Brian Trapp: I have an announcement: Sex is back. I know what you’re thinking: Turn on the television; it didn’t go anywhere. And that’s my point. In a culture that doesn’t really hold back on what happens in the bedroom (or car . . . or office), sex should be less interesting as material for literary fiction.
Well . . . I don’t know what happened, but lately these CR submissions are making me blush. I am no Puritan, but I’m slightly uncomfortable with the amount of prostitution stories we’ve been getting. We’re talking fortyish fallen-housewife prostitutes. Chinese-village prostitutes. Indian-child prostitutes. Some of these stories are comic or tragic or in between, but they’re all about the ancient transaction. This is not a bad thing. Literary fiction has no boundaries or borders. But I will say this: Even when writing about sex and prostitutes (and sex with prostitutes), restraint and style are still very much appreciated.

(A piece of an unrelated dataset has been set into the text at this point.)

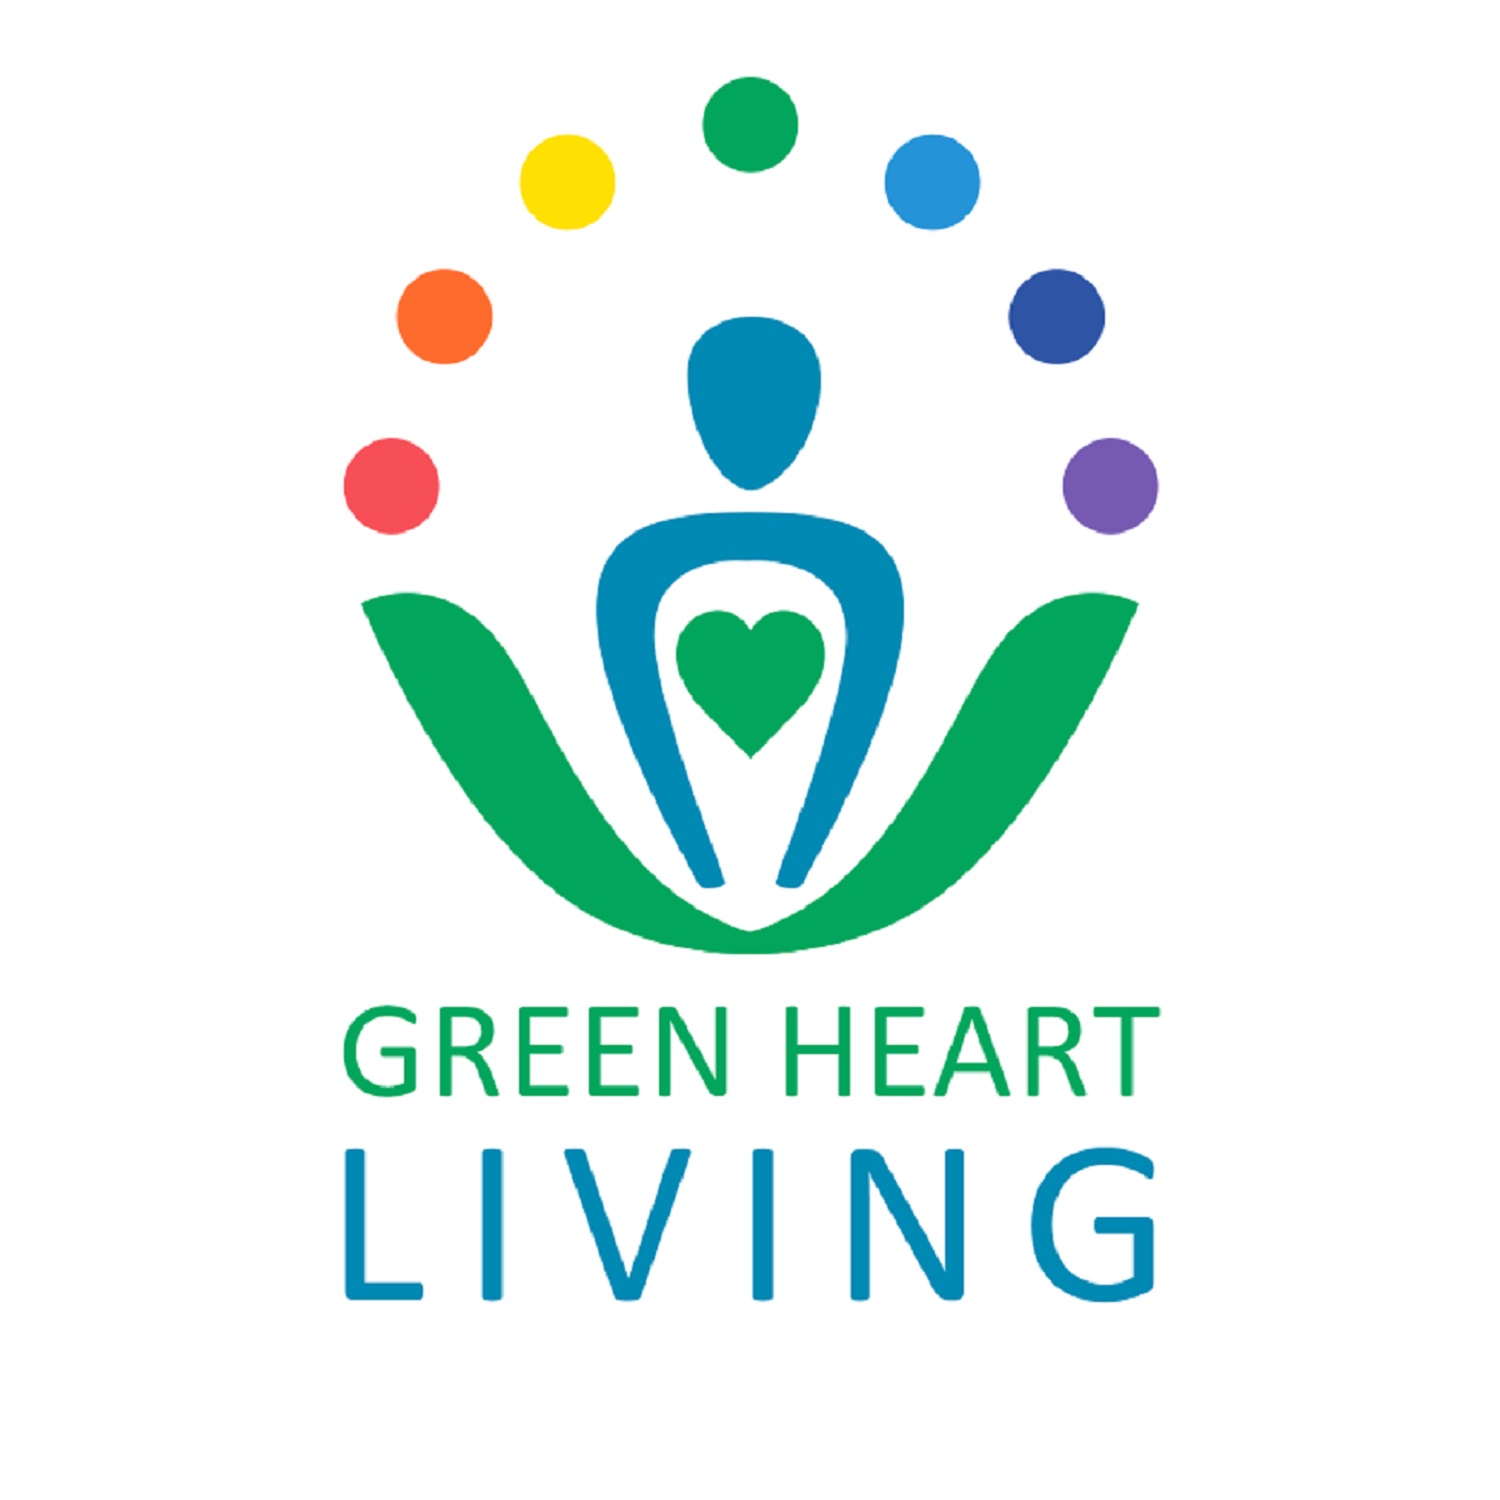 The Green Heart Living Podcast

Carnal acts are part of human experience, but when represented in fiction, they often become mired by overwrought and purple prose or else fall into uninspired, pornographic stereotype. If sex is back, then so be it, but let’s not have literary fiction compete with the dark corners of the internet or the latest incarnation of Fifty Shades of Grey. Sex in fiction should be as weird or beautiful or awkward as life itself.